Photo: Food Poisoning Bulletin web site.

WASHINGTON – Aspen Foods Division of Koch Meats, a Chicago, Il., based establishment, is recalling 28,980 pounds of chicken products that may be contaminated with a particular strain of Salmonella Enteritidis, the U.S. Department of Agriculture’s Food Safety and Inspection Service (FSIS) announced today. FSIS requested Aspen Foods conduct this recall because this product is known to be associated with a specific illness cluster.

This is a Class I recall where there is a reasonable probability that the use of the product will cause serious, adverse health consequences or death.

The recalled product includes partially prepared chicken products sold by retailers under the Antioch Farms brand name, with “sell by” dates of October 1, 2015 and October 7, 2015. The products subject to recall bear the establishment number “P-1358” inside the USDA mark of inspection. The chicken products were produced on July 2, 2014 and July 8, 2014. These products were shipped to retail stores and distribution centers in Minnesota.

The product is identified as Single 5 once plastic packets of Raw Stuffed Chicken Breast Breaded, Boneless Breast of Chicken with Rib Meat “A La Kiev”

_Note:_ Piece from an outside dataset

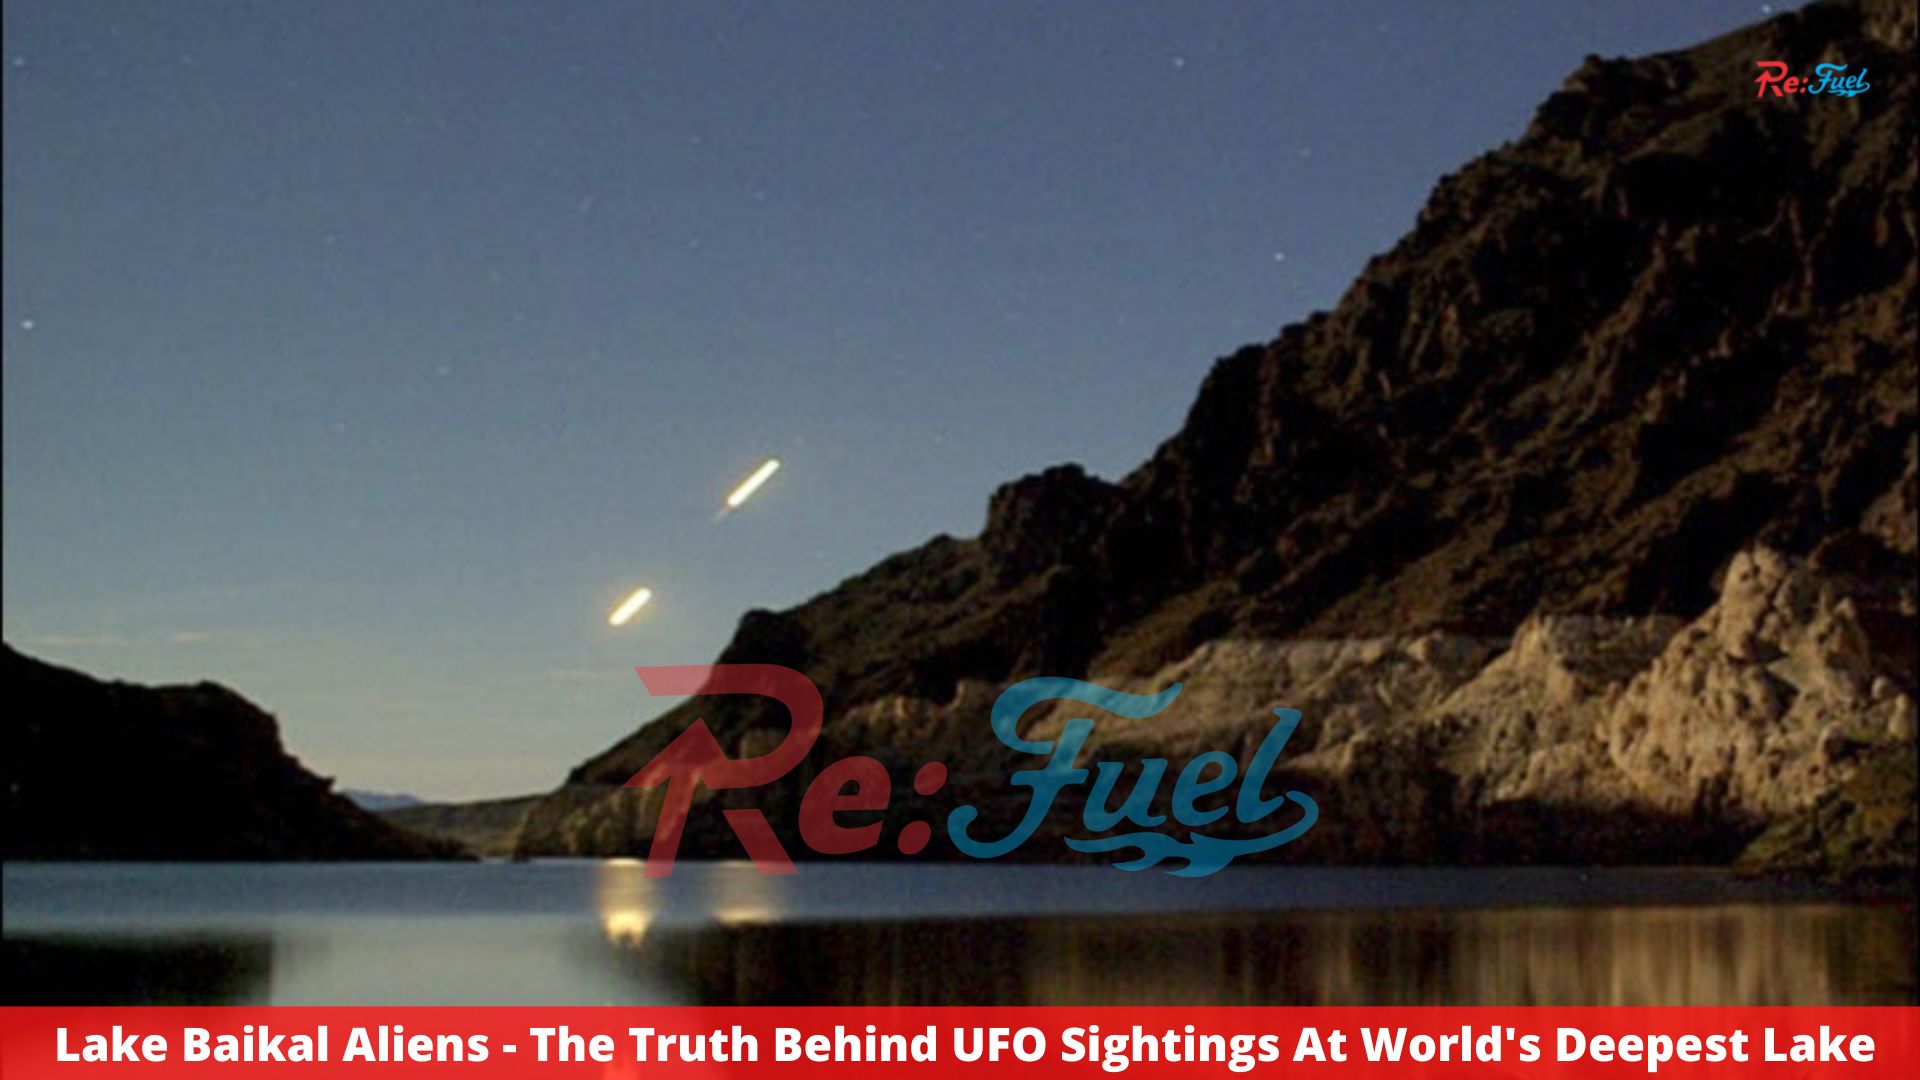 Lake Baikal Aliens - The Truth Behind UFO Sightings At World's Deepest Lake

FSIS was notified of an investigation of Salmonella Enteritidis illnesses on October 9, 2014. Working in conjunction with Minnesota Department of Health, the Minnesota Department of Agriculture, and the Centers for Disease Control and Prevention, FSIS determined that there is a link between the Chicken Kiev from Aspen Foods Division of Koch Foods and this illness cluster. Based on epidemiologic investigation, 6 case-patients have been identified in Minnesota with illness onset dates ranging from August, 17, 2014 to September, 27, 2014. Among the 6 case-patients with available information, 1 case-patient was hospitalized; 0 deaths have been reported. All 6 case-patients reported chicken Kiev consumption prior to illness onset. Samples of product collected during the course of this investigation by Minnesota Department of Agriculture tested positive for Salmonella Enteritidis with the outbreak strain. It is not known at this time if this outbreak strain has any drug resistance. On October 17, 2014 FSIS received evidence that linked the illnesses associated with this outbreak to a specific product or production lot. Evidence that is required for a recall includes obtaining case-patient product that tests positive for the same particular strain of Salmonella that caused the illness, and packaging on product that clearly links the product to a specific facility and a specific production date, which were all met. FSIS is continuing to work with our public health partners on this investigation and will provide updated information as it becomes available.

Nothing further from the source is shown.